The problem>
For the records below, please print exactly and only the lines from the one with "The interior ceilings" down to the one with "Soccer Belgian National", both ends included, omitting the pictures.

Records shown>
================================

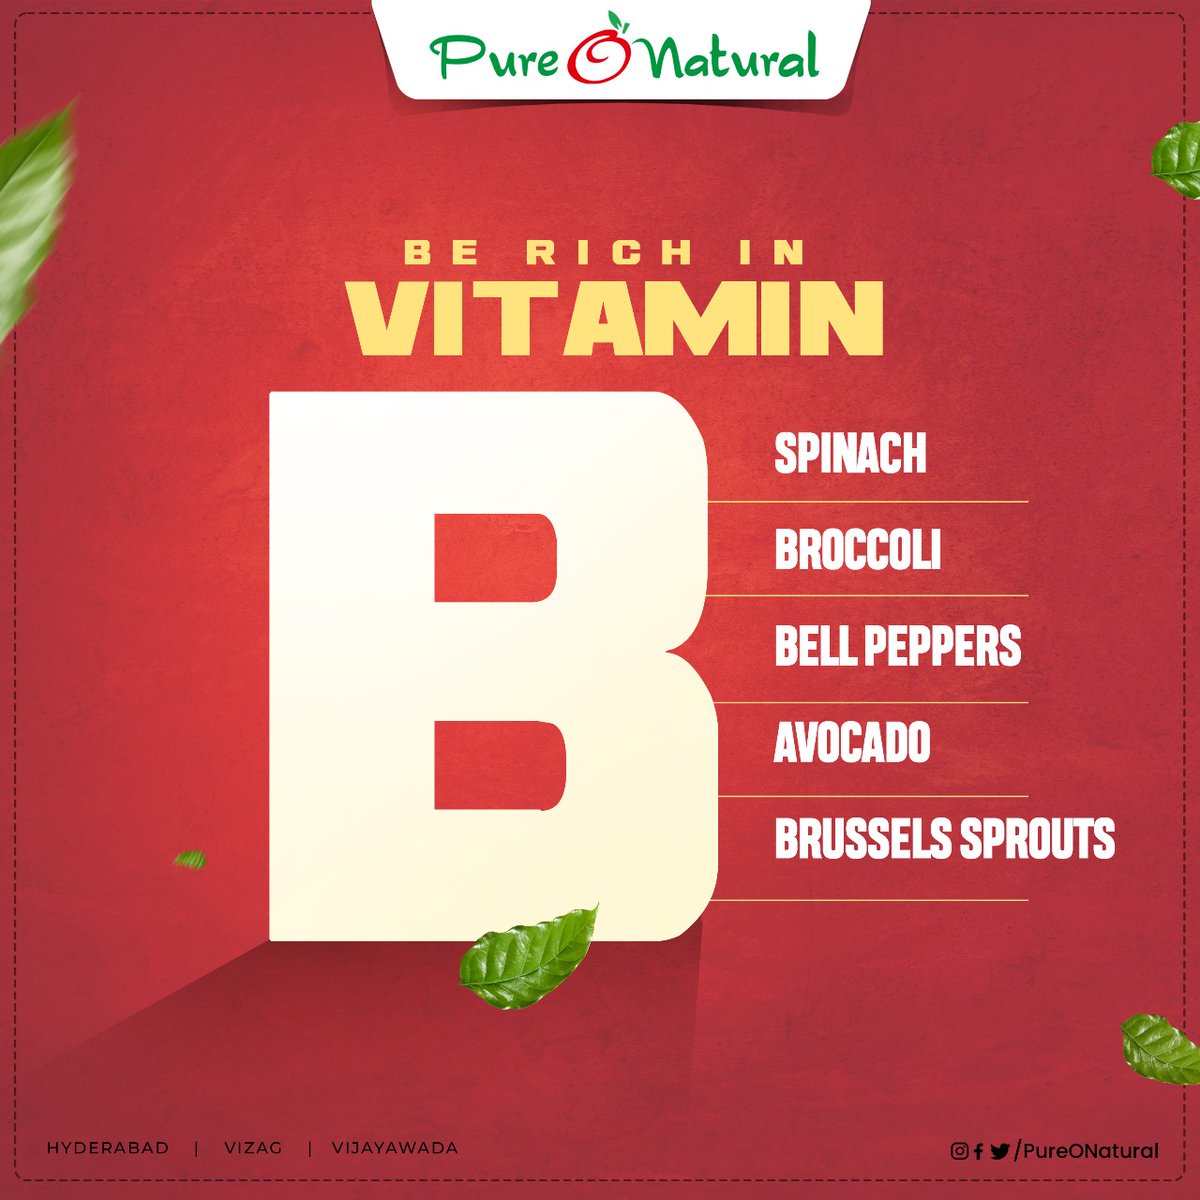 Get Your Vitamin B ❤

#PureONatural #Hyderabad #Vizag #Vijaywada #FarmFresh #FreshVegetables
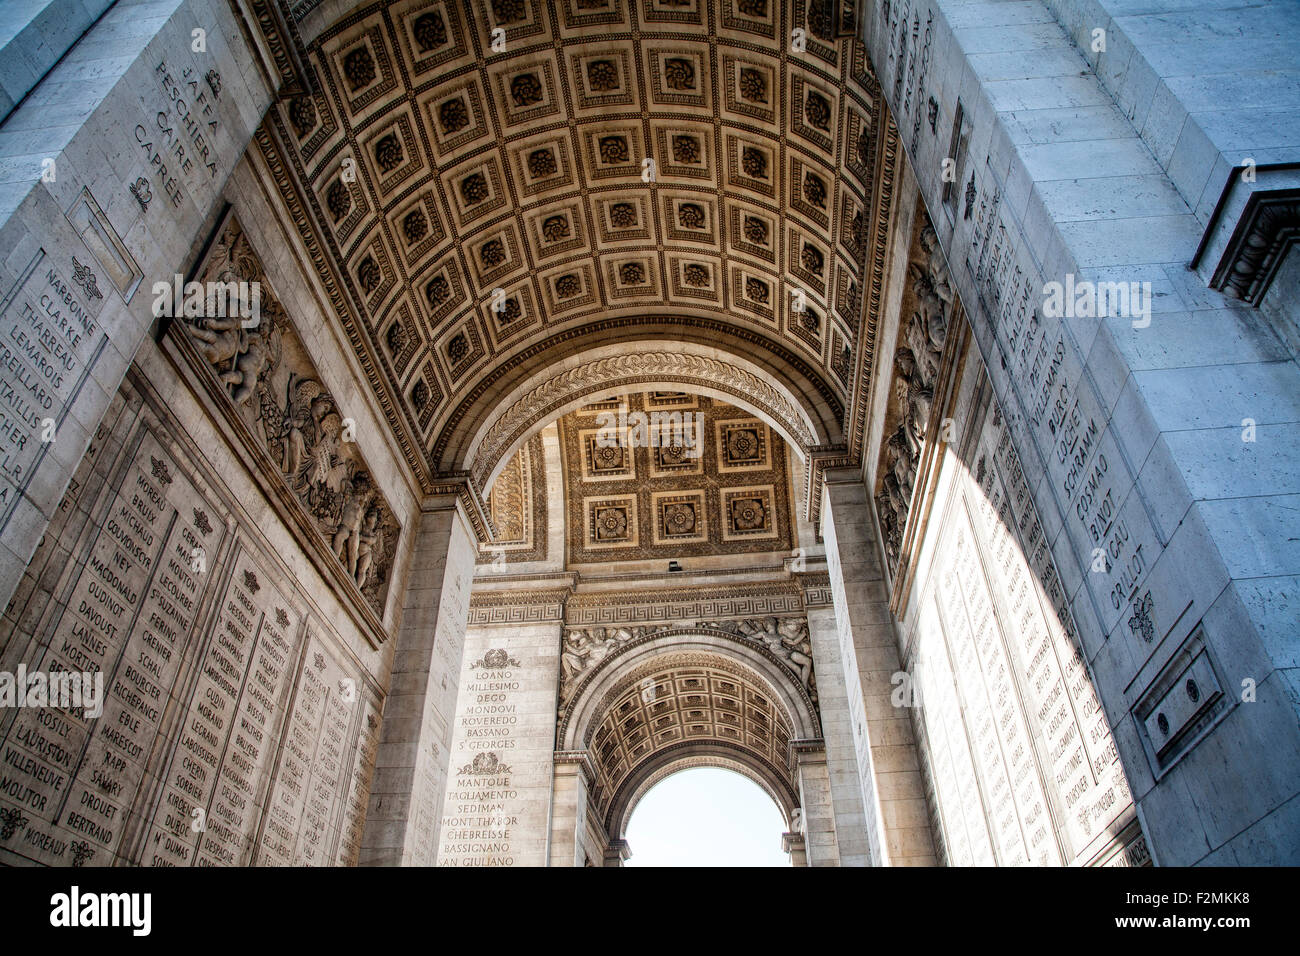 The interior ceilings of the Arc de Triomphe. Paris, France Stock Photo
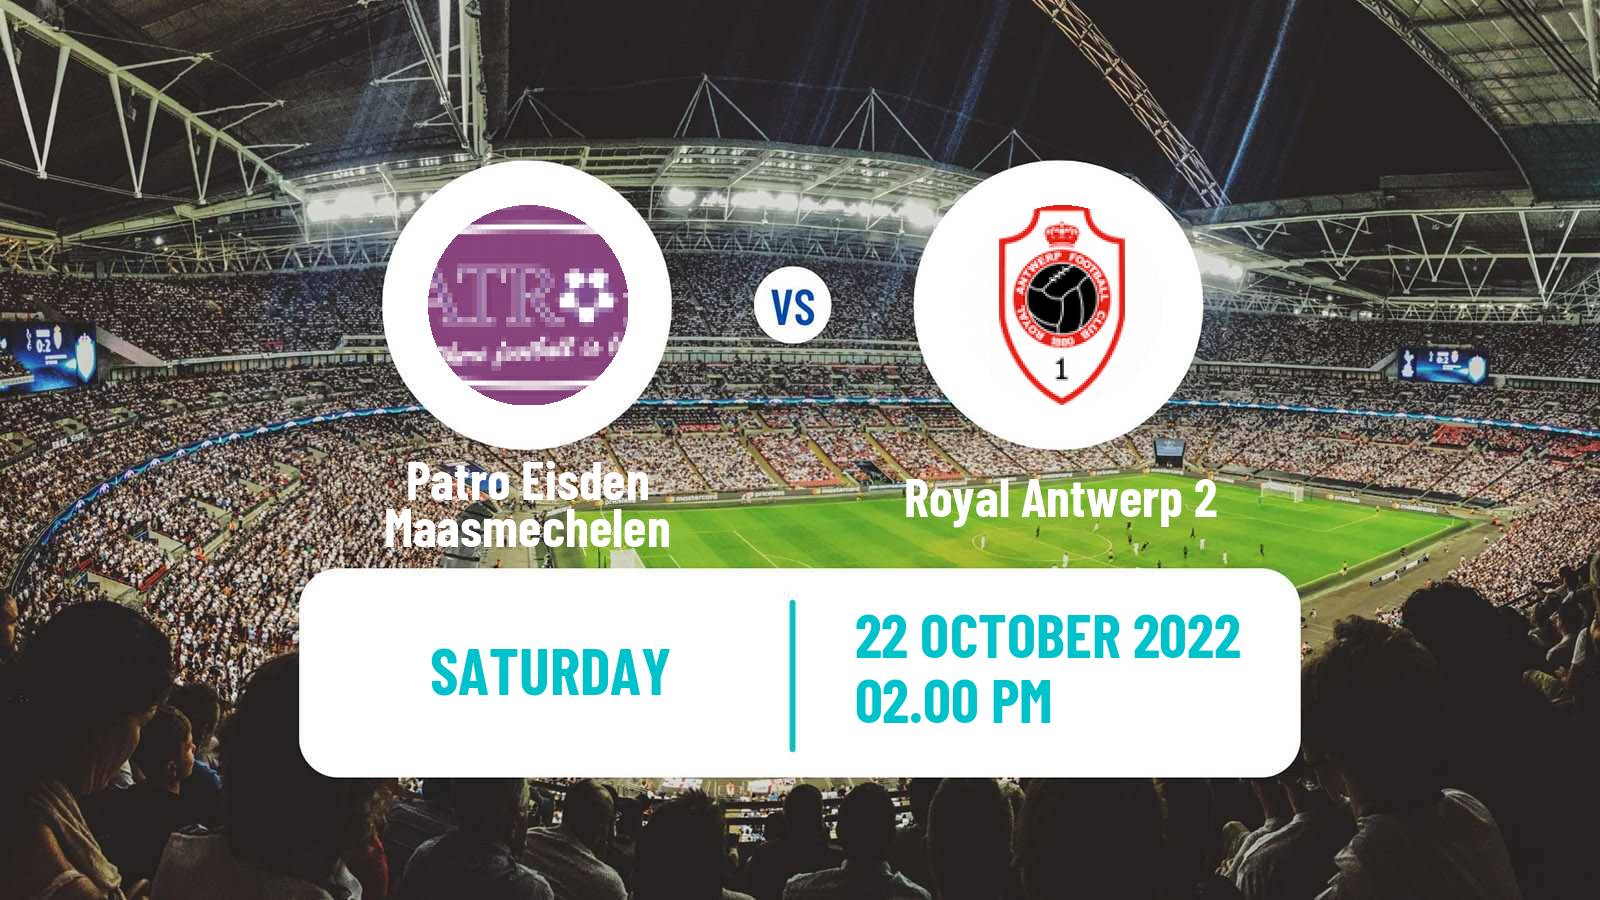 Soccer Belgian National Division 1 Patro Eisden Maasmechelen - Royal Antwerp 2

================================

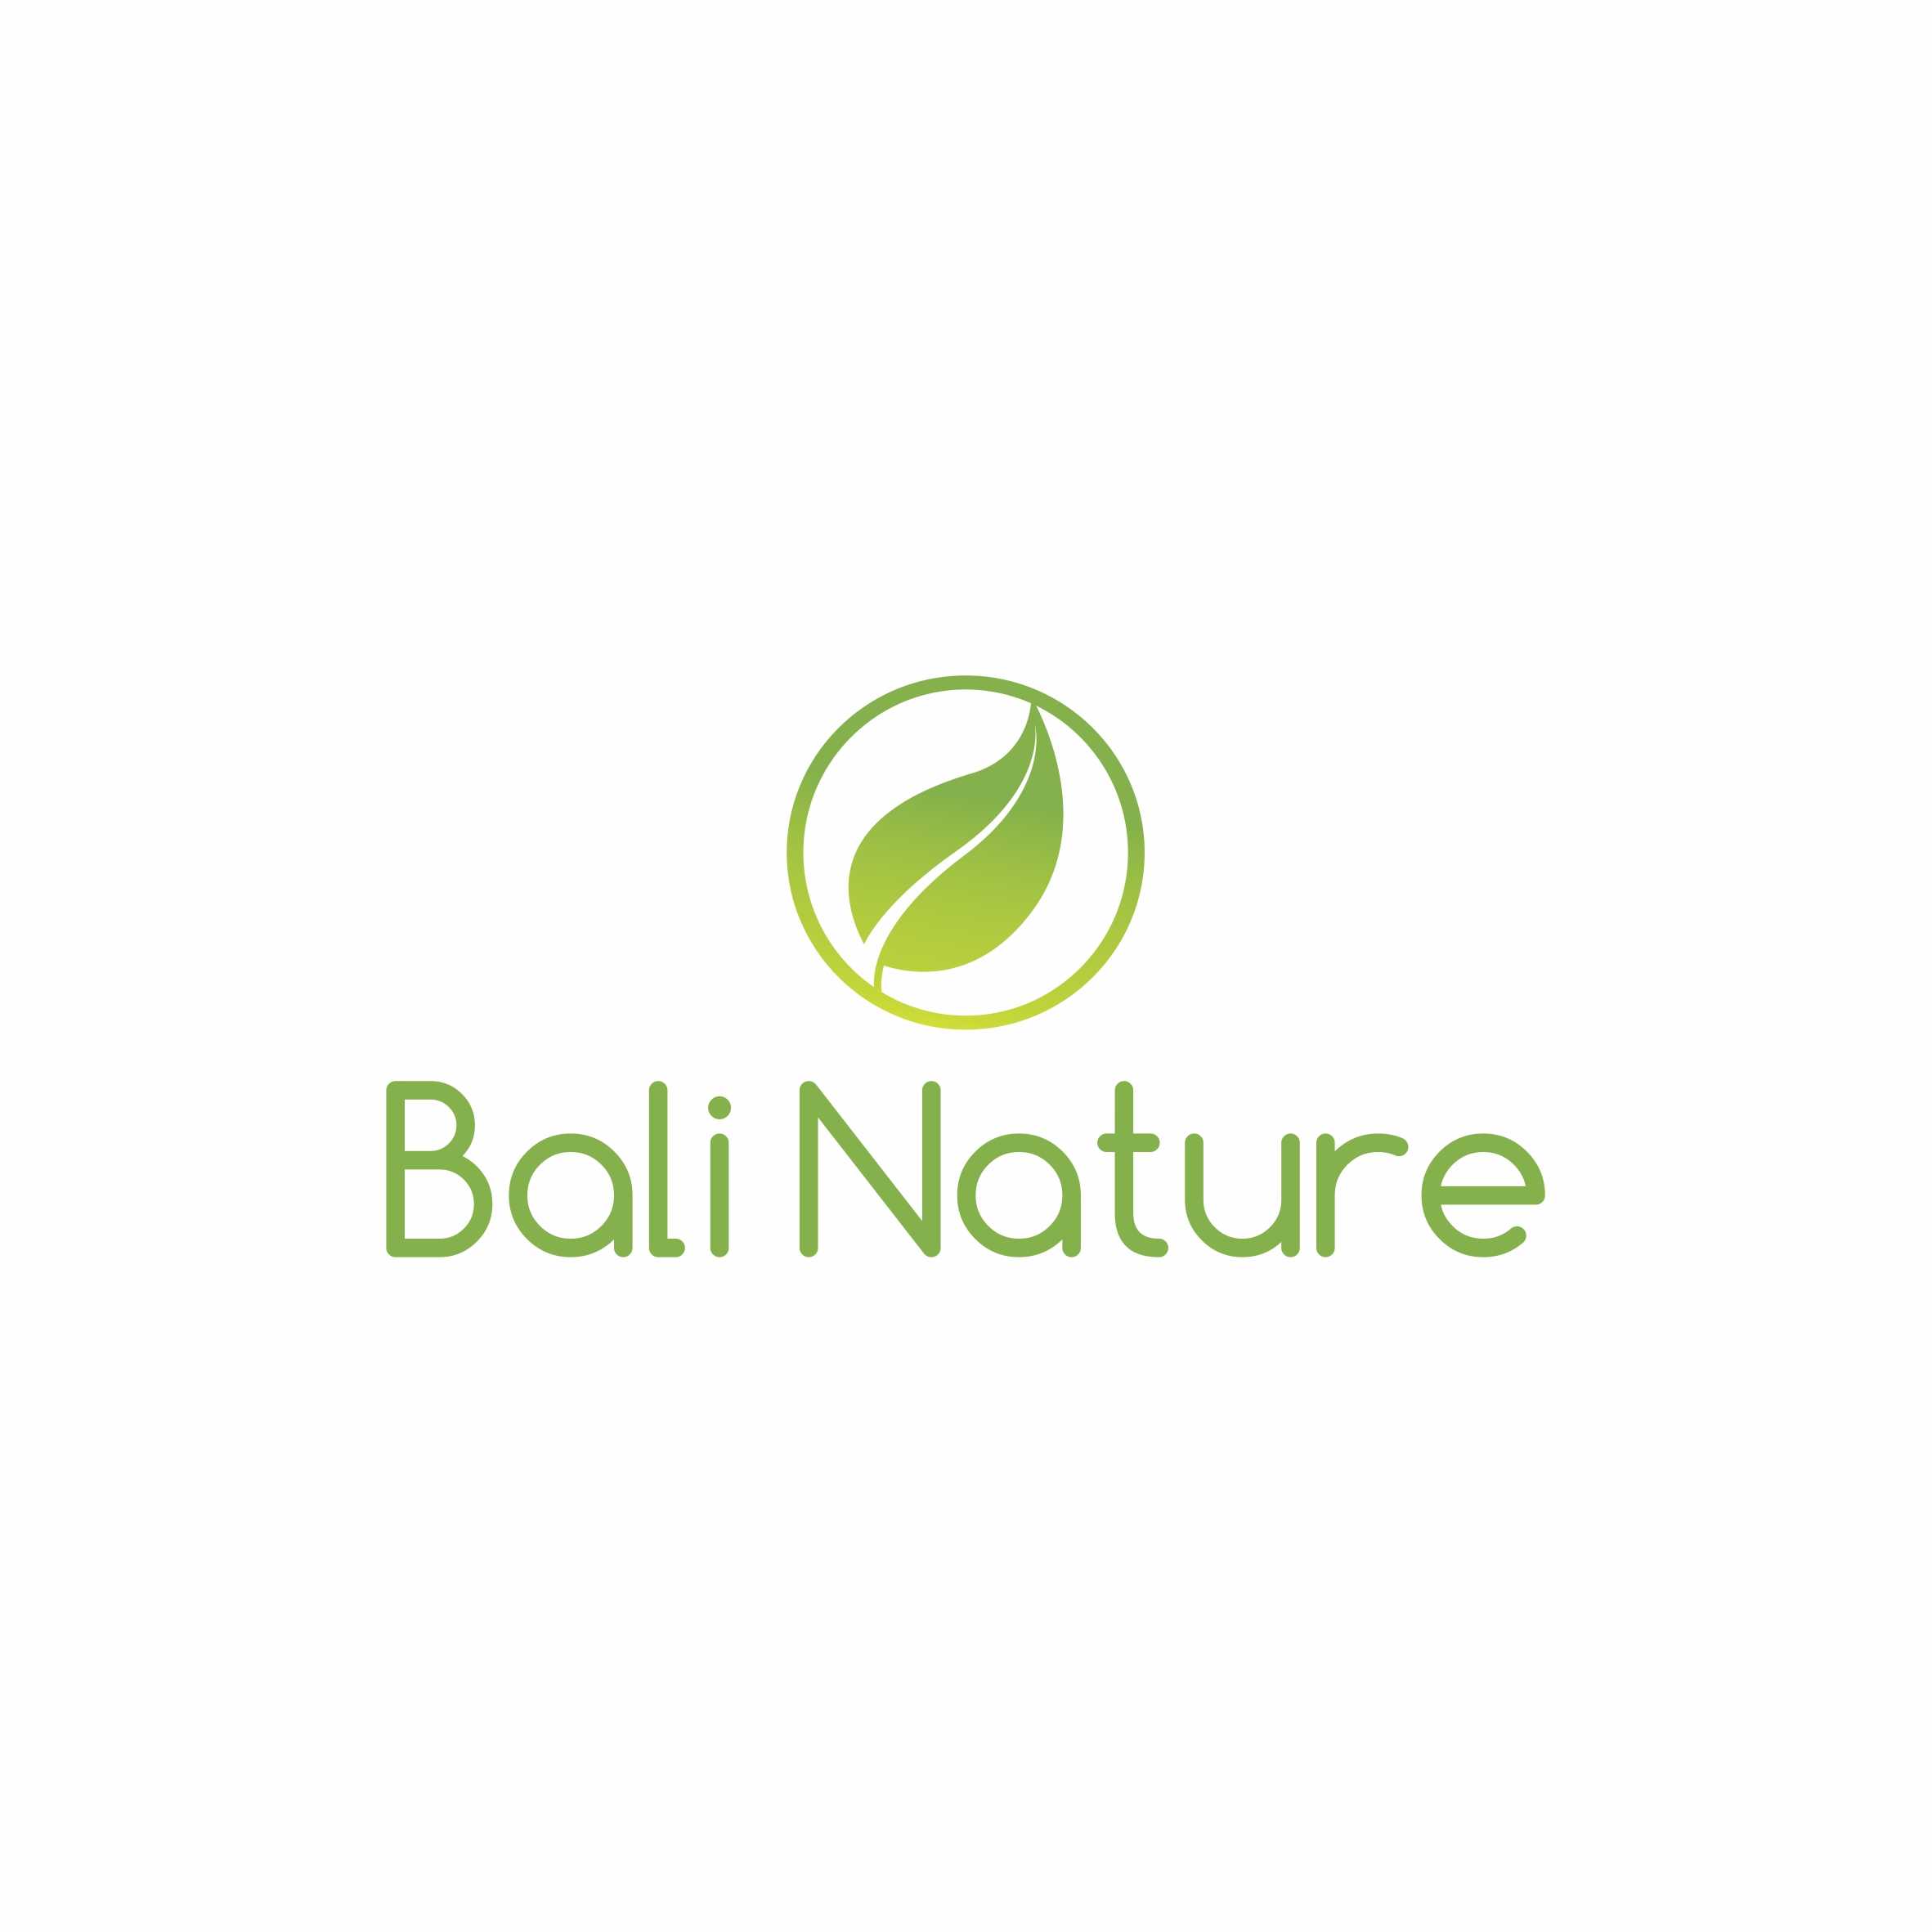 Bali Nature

================================

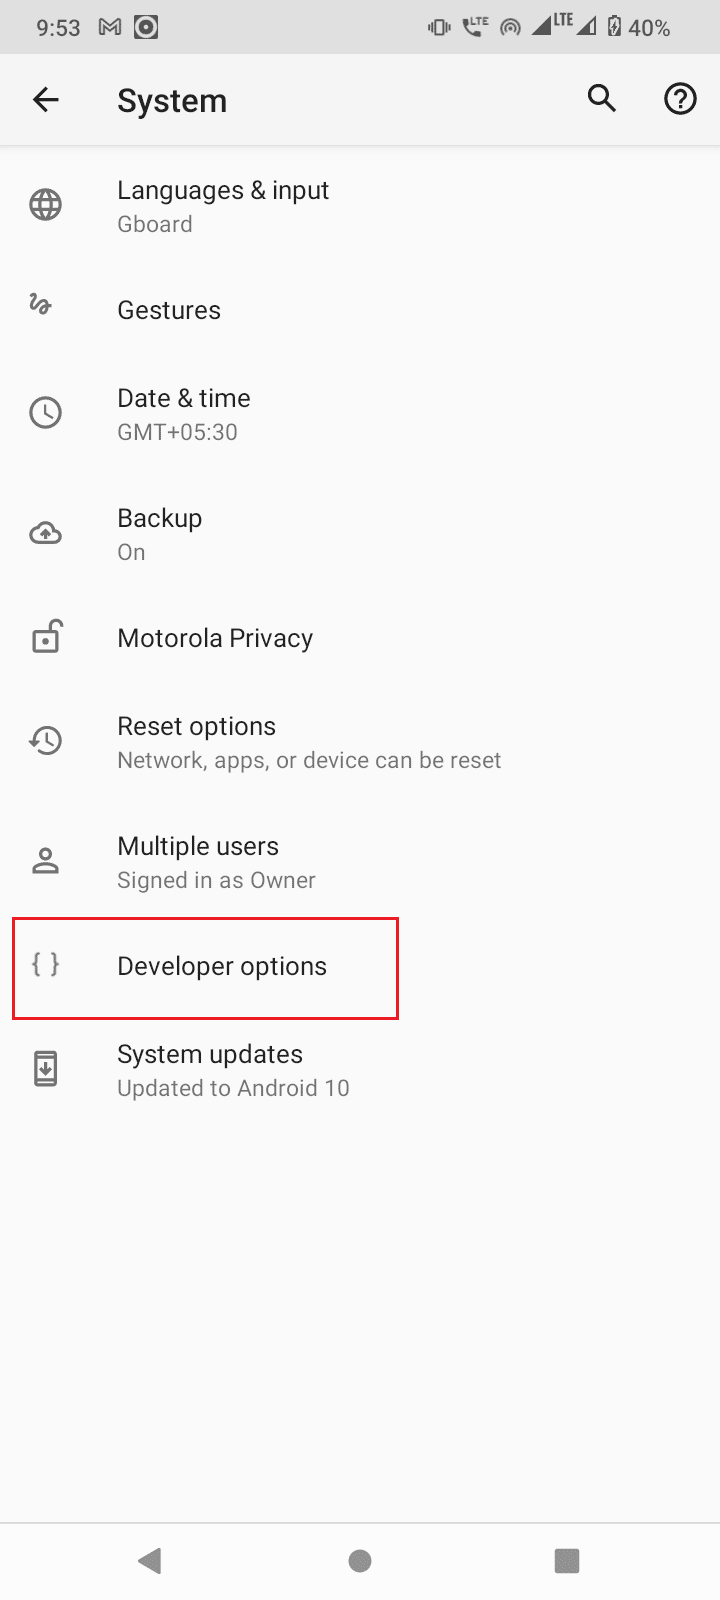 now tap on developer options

================================

Solution for this task>
 The interior ceilings of the Arc de Triomphe. Paris, France Stock Photo
 Soccer Belgian National Division 1 Patro Eisden Maasmechelen - Royal Antwerp 2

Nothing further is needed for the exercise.